I think if you're honest w/ them, and make it about finances.. there's no way they could be offended by that. If it were my people I'd probably say something like "I love riding here, but it's really hard for me to afford.. I get that you are top notch and really good at what you do - but I need to downgrade and find a cheaper way. If I can get my basics down a bit, maybe in a year or so if I'm making a little more, I'd love to come back." The could always offer you a way to afford it. (then it becomes a question of is it money OR the social aspect?)

If you run into them or see them at a show - I would try and say hi and see how they are just to break any tension 'not talking' might cause. Light and casual. From a business perspective, they should want to keep good relationships with you too. It's easy to run the other way, but facing your fears and keeping communication open is probably better.
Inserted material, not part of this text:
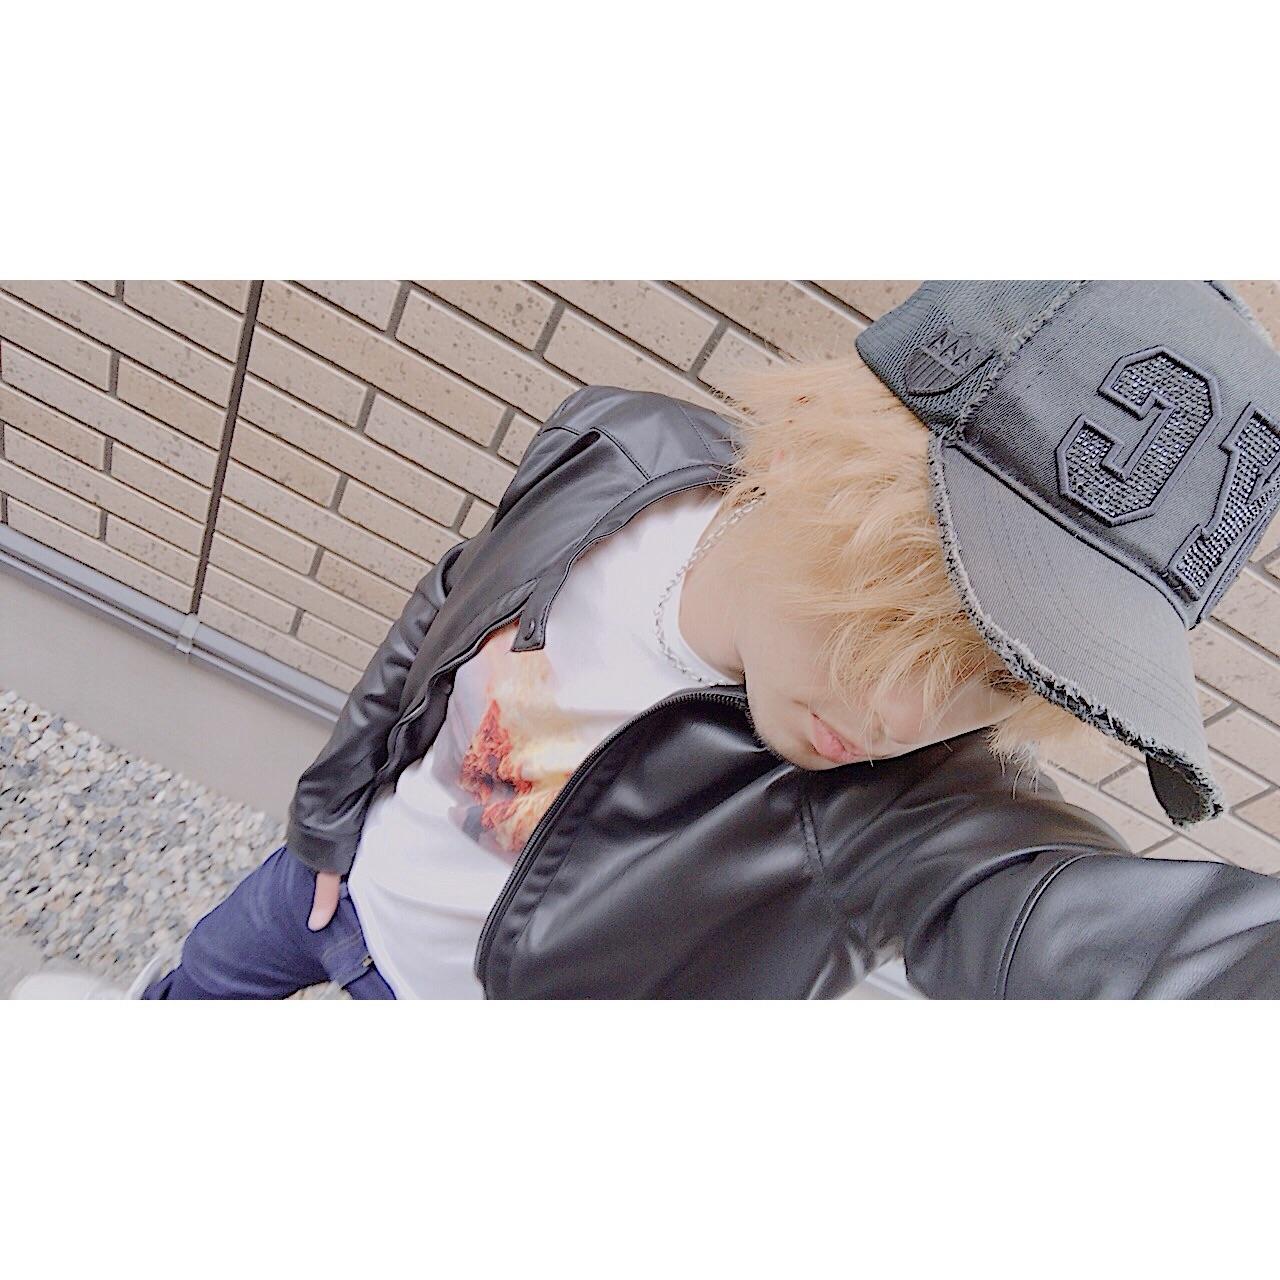 f:id:Yosuke0912:20180304163752j:image

Even though to us clients, this is a socially awkward experience, from what I've seen barn people deal w/ these types of things all the time. Not just students - My current trainer used to work under another lady at the same facility we're at. My trainer plays it off like it's not weird at all (even though I'm sure it's a little weird!). I remember how awkward i was about quitting piano lessons (I went to another instructor) and the guy sensed i felt bad about it and basically said 'it's cool, people come and go, don't feel bad. if you ever need anything or want blah blah blah... always feel free to call) 

basically - i think it's generally more routine for these businesses to gain and loose clients. and it's generally in their best interest to say they are sorry to see you go & accept it graciously.. in case you ever need anything in the future.


----------



## Gossalyn (Sep 12, 2013)

I hope I am not wrong, i don't think I am.  but if for some reason they at all give you any attitude, then they are just wrong IMO..


----------



## Zexious (Aug 2, 2013)

I agree with what everyone has said. It's no big deal. They run a business, and clients come and go all the time. The bottom line is that there is another facility that will better suit your purposes. This, they will undoubtedly understand.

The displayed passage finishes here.